In [2]:
import pandas as pd
import numpy as np
import matplotlib.pyplot as plt
import seaborn as sns
from datetime import datetime, timedelta
import warnings
warnings.filterwarnings('ignore')

print("🏥 Healthcare Analytics Dashboard Project")
print("🎗️ Based on Cancer Council NSW Experience")
print("=" * 50)

# ================================================================================
# PART 1: HEALTHCARE DATA GENERATION
# ================================================================================

print("📊 GENERATING COMPREHENSIVE HEALTHCARE DATA")
print("=" * 40)

# Set random seed for reproducibility
np.random.seed(42)

# Date range: 2 years of daily data
start_date = datetime(2023, 1, 1)
end_date = datetime(2024, 12, 31)
date_range = pd.date_range(start_date, end_date, freq='D')

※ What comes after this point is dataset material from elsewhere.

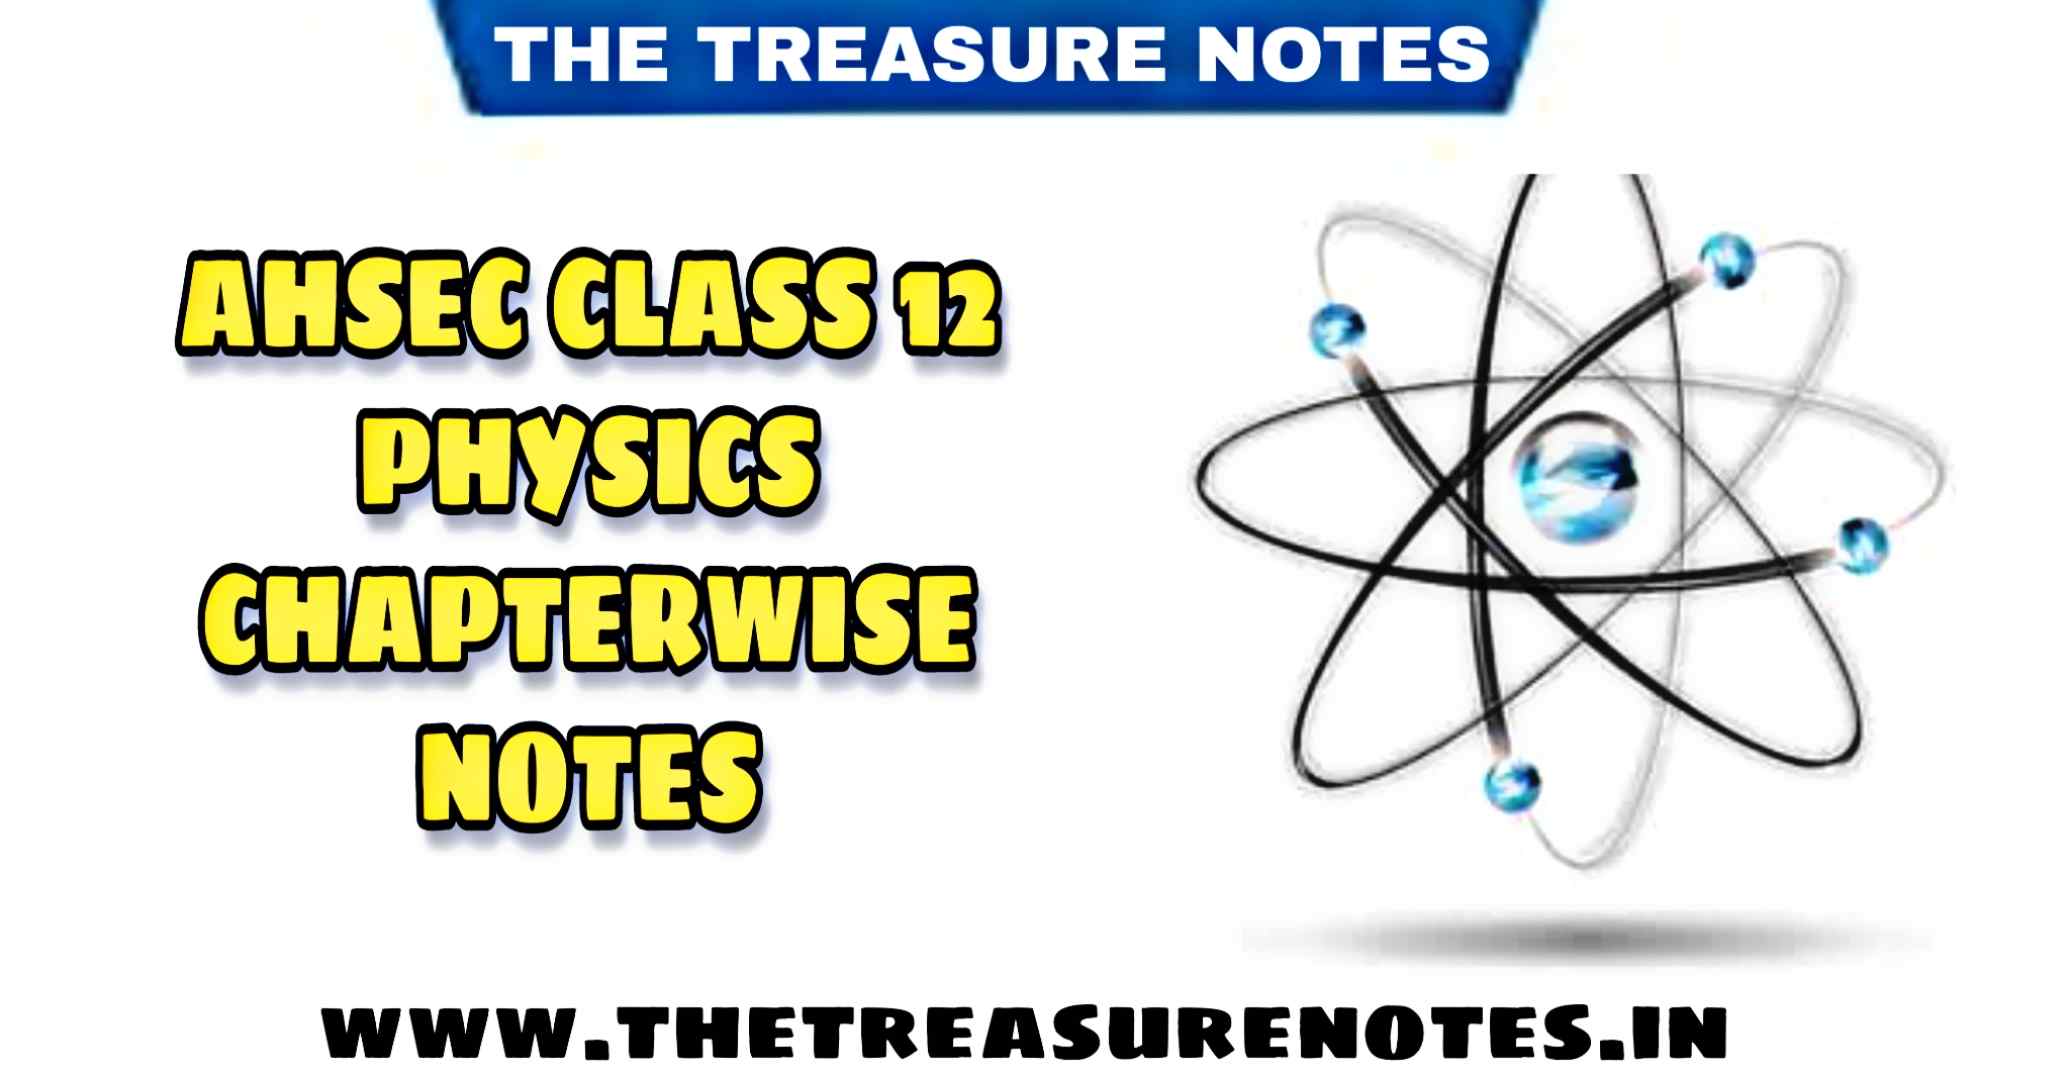 AHSEC Class 12 Physics Notes  Solutions for 2023 | (CHAPTERWISE) HS 2nd Year Complete Physics Notes | ,Class 12 Physics Chapter 1 Electric Charges and FieldsClass 12 Physics Chapter 2 Electrostatic Potential and CapacitanceClass 12 Physics Chapter 3 Current ElectricityClass 12 Physics Chapter 4 Moving Charges and MagnetismClass 12 Physics Chapter 5 Magnetism and MatterClass 12 Physics Chapter 6 Electromagnetic InductionClass 12 Physics Chapter 7 Alternating CurrentClass 12 Physics Chapter 8 Electromagnetic WavesClass 12 Physics Chapter 9 Ray Optics and Optical InstrumentsClass 12 Physics Chapter 10 Wave OpticsClass 12 Physics Chapter 11 Dual Nature of Radiation and MatterClass 12 Physics Chapter 12 AtomsClass 12 Physics Chapter 13 NucleiClass 12 Physics Chapter 14 Semiconductor electronics: materials; devices and simple circuits

# Healthcare facility structure
departments = ['Oncology', 'Emergency', 'Surgery', 'Cardiology', 'Pediatrics', 
               'Radiology', 'Laboratory', 'Outpatient', 'ICU', 'Mental Health']
facilities = ['Central Hospital', 'North Clinic', 'South Medical Center', 
              'East Outpatient', 'West Specialty Center']
regions = ['NSW Central', 'NSW North', 'NSW South', 'NSW West', 'Sydney Metro']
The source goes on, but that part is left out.